Data segment —

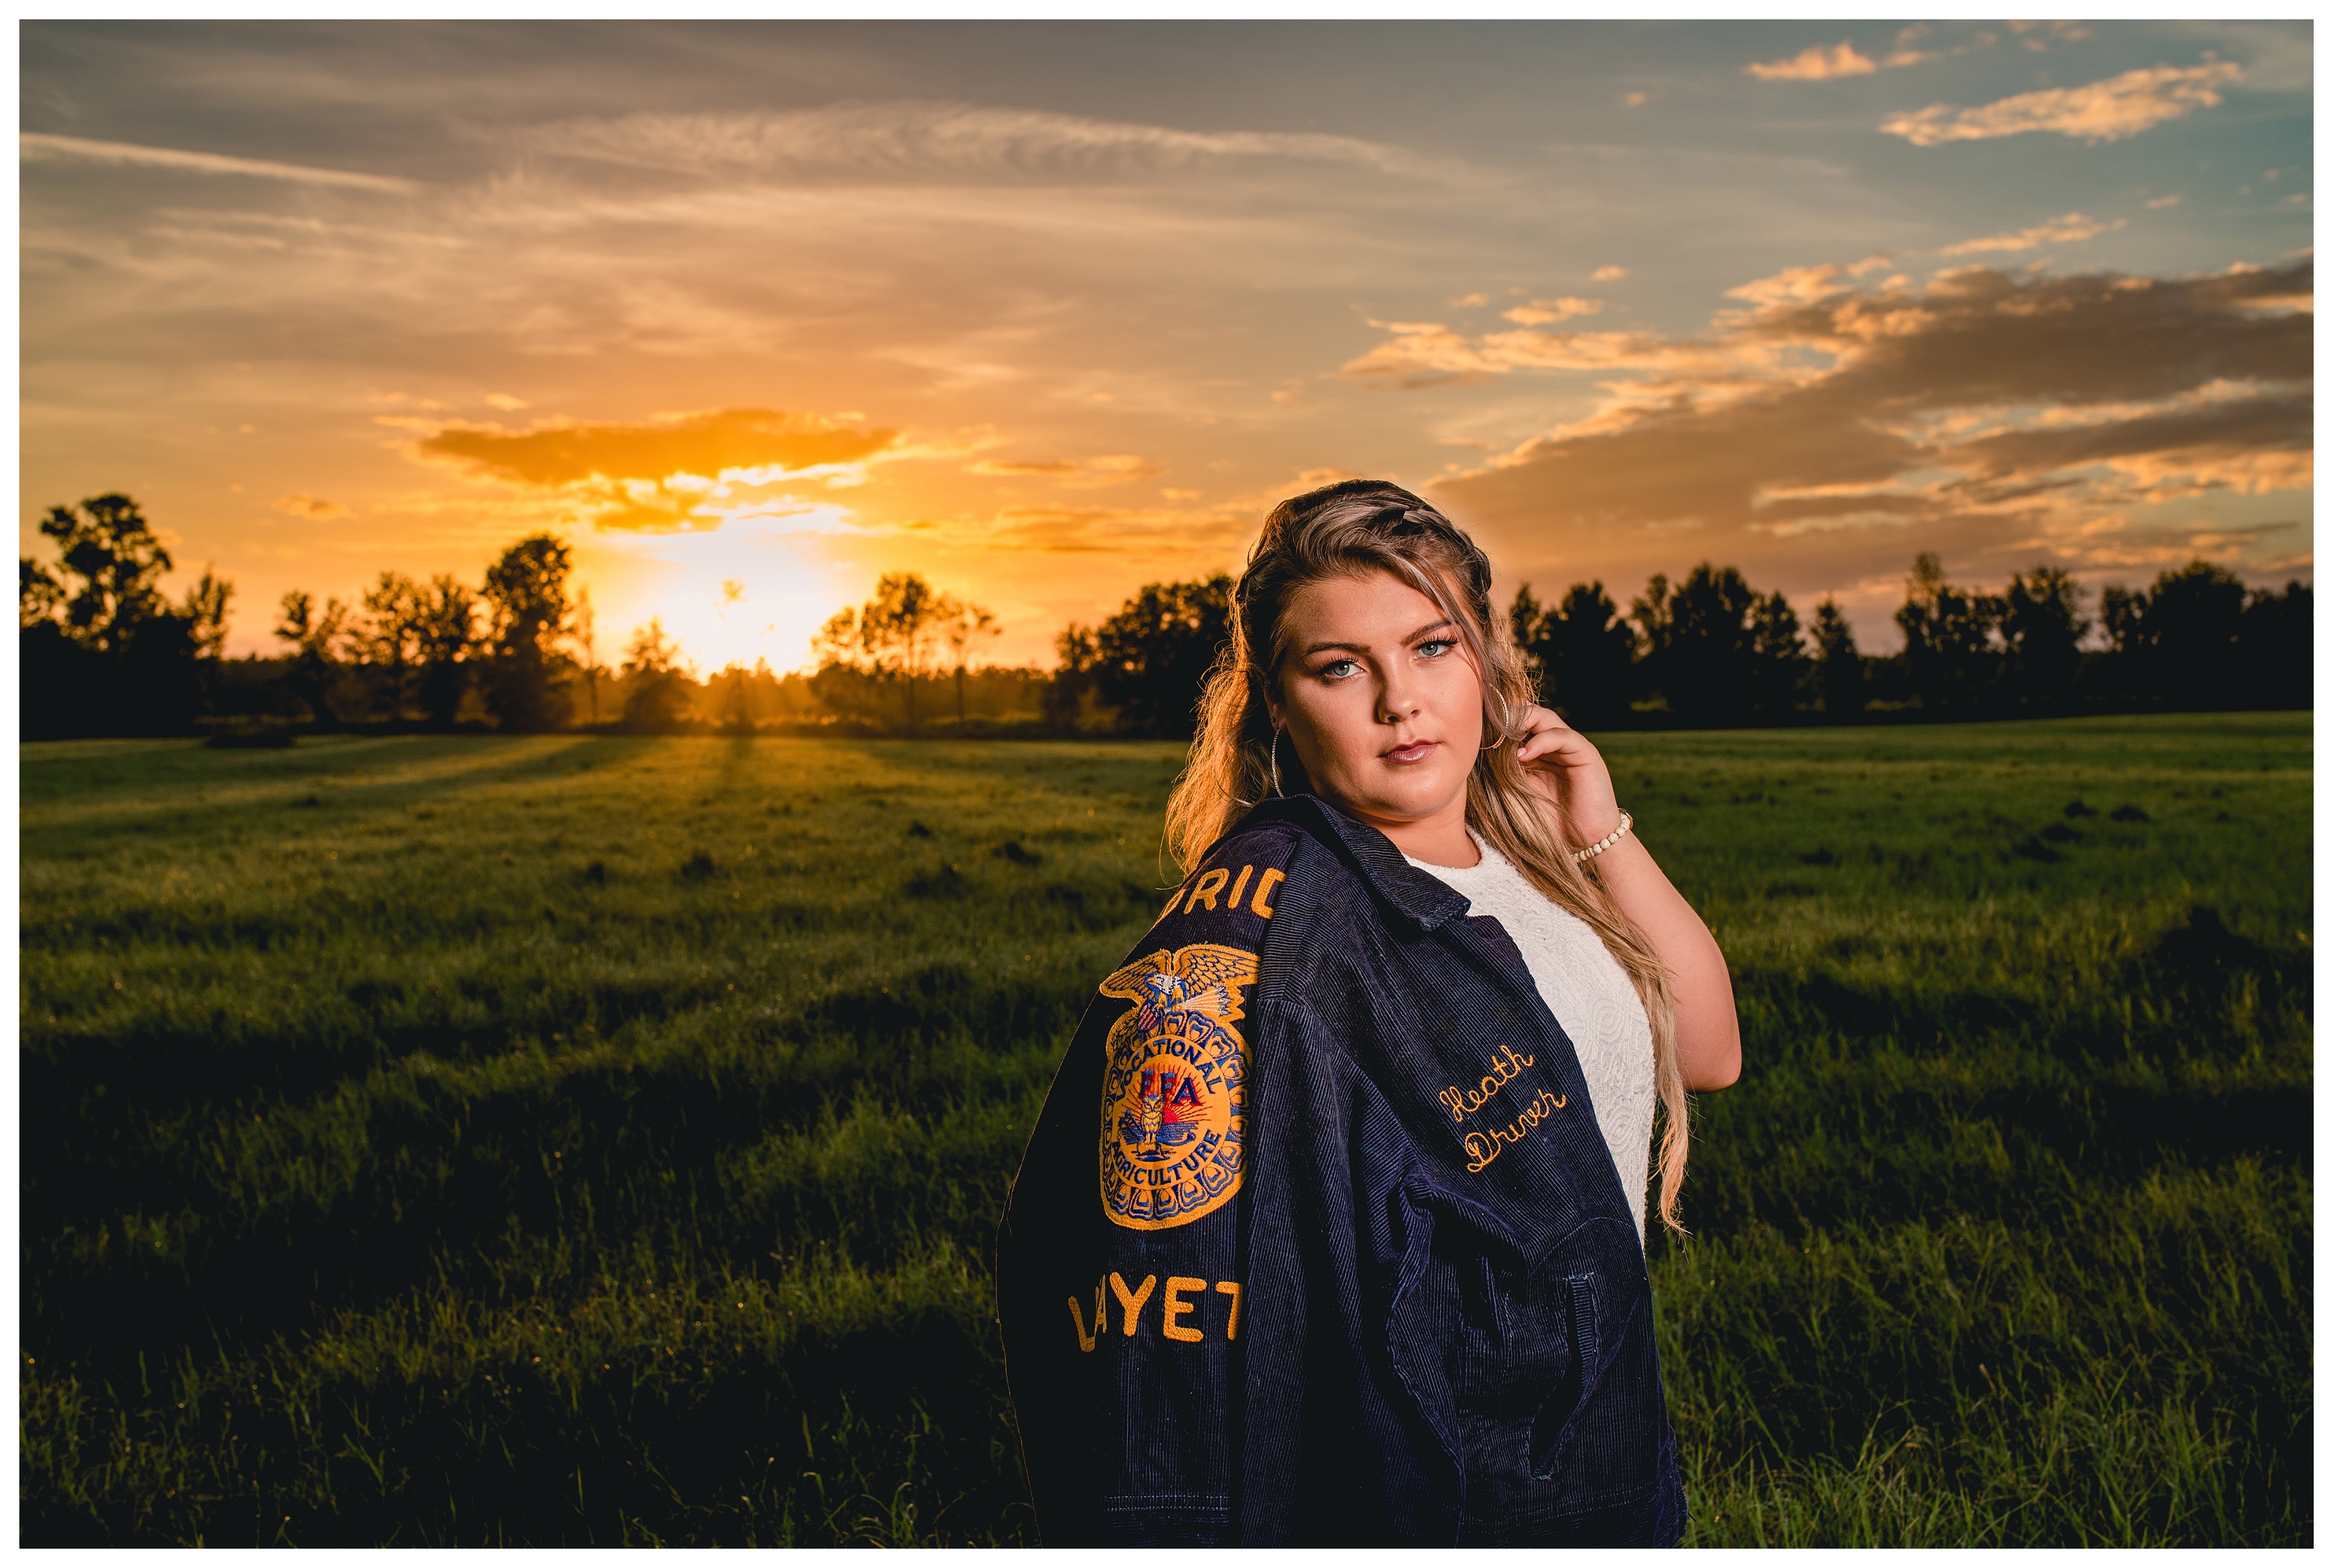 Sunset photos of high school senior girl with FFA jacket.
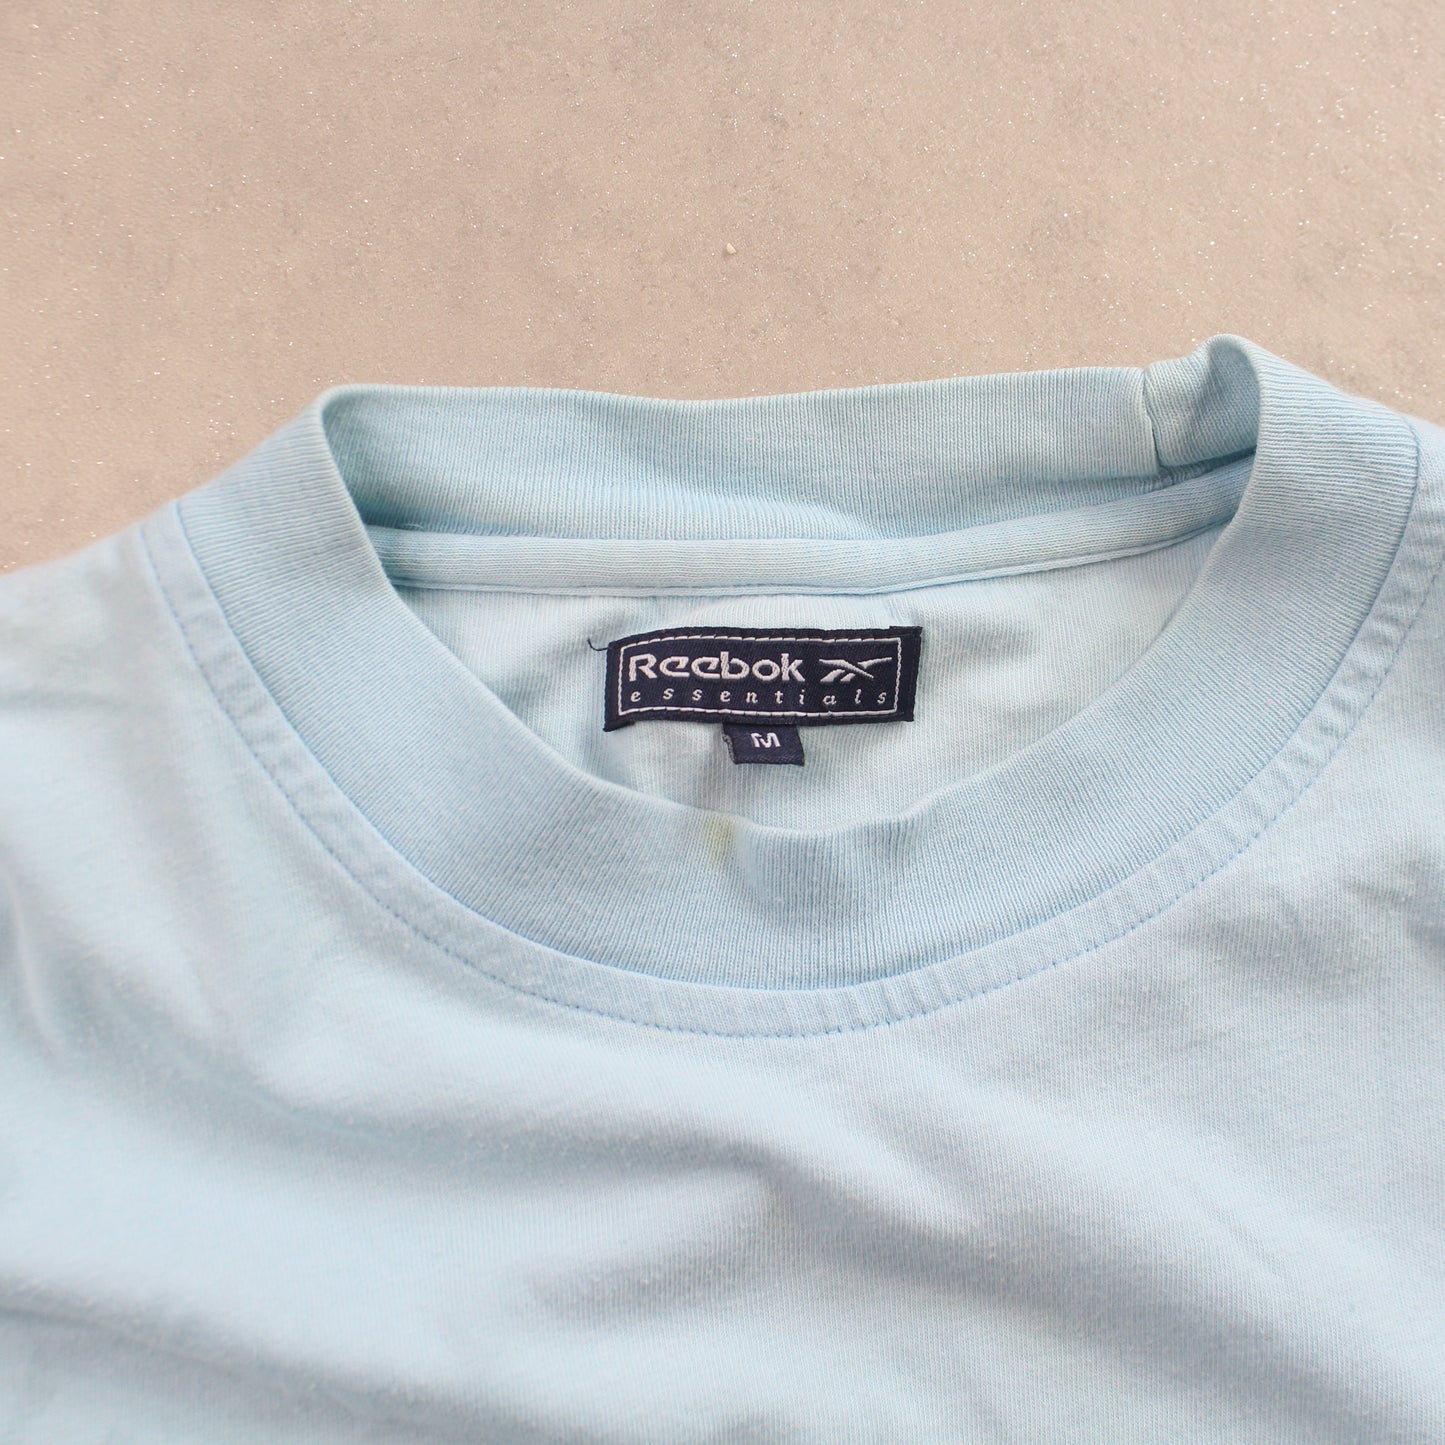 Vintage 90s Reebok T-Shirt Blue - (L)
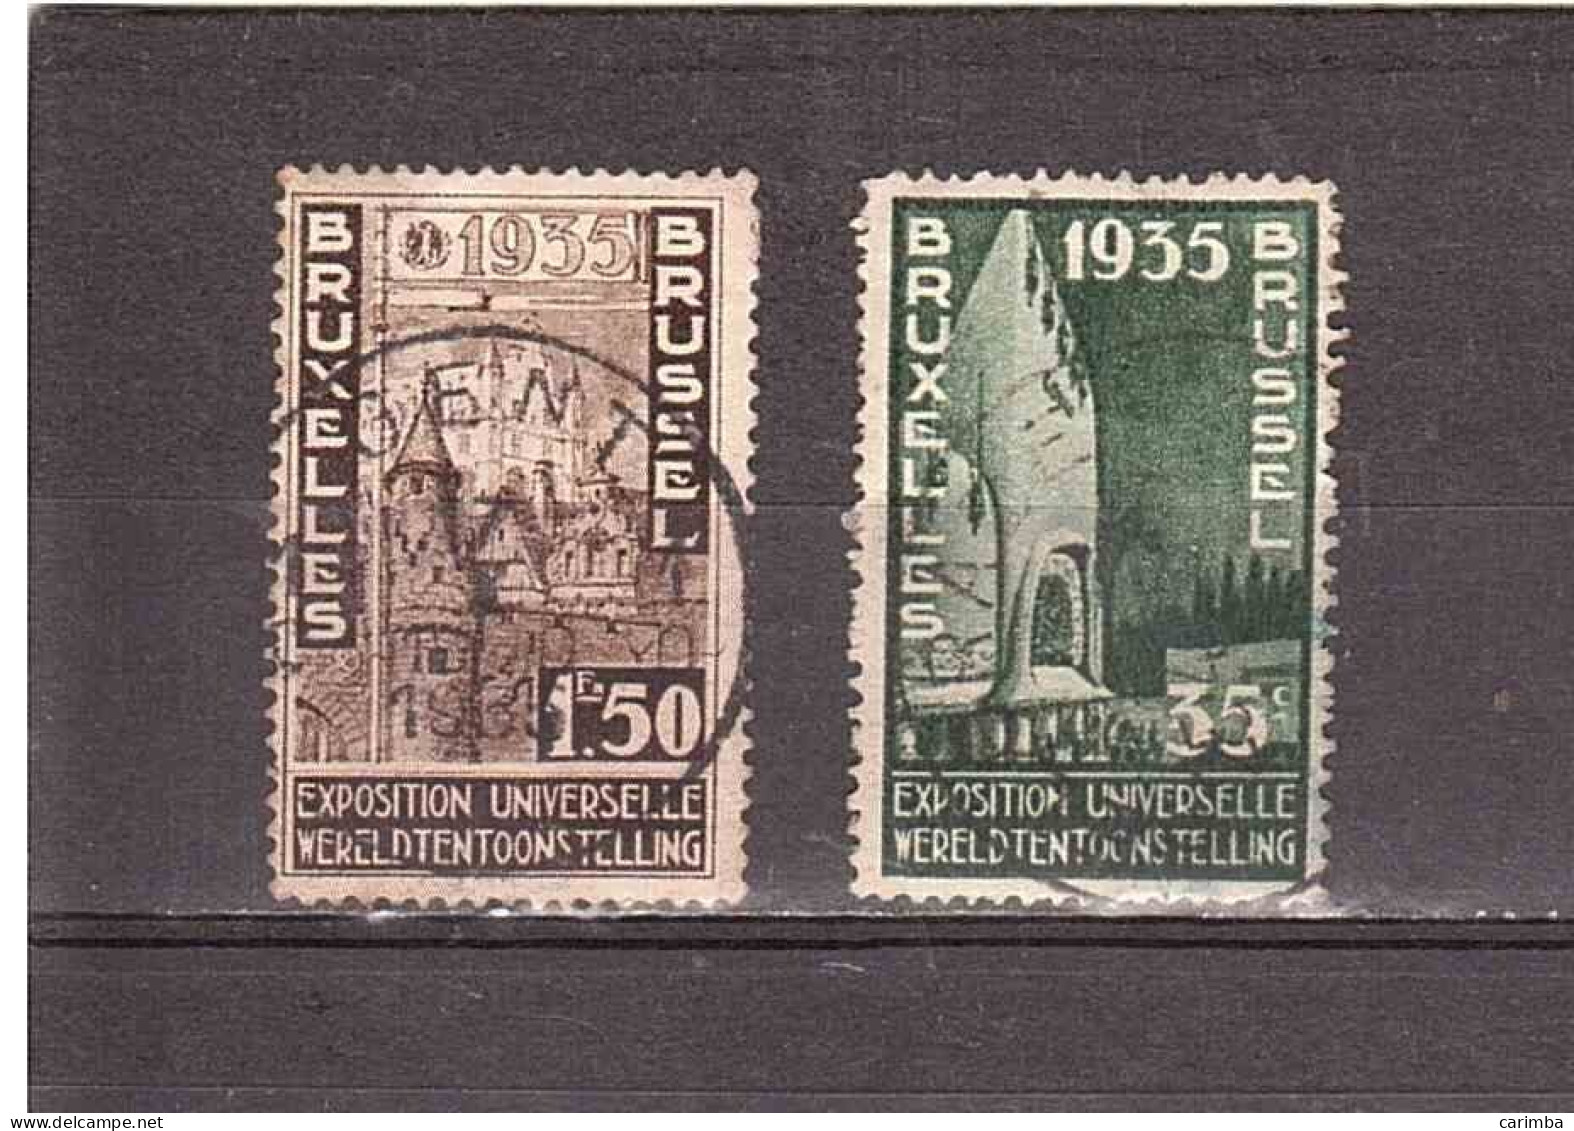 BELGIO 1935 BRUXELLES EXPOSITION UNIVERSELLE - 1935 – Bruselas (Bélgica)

Exercise directions —
In repeating the lines above, keep the wording exact and leave every picture out.

Worked solution —
 Sunset photos of high school senior girl with FFA jacket.
 Vintage 90s Reebok T-Shirt Blue - (L)
 BELGIO 1935 BRUXELLES EXPOSITION UNIVERSELLE - 1935 – Bruselas (Bélgica)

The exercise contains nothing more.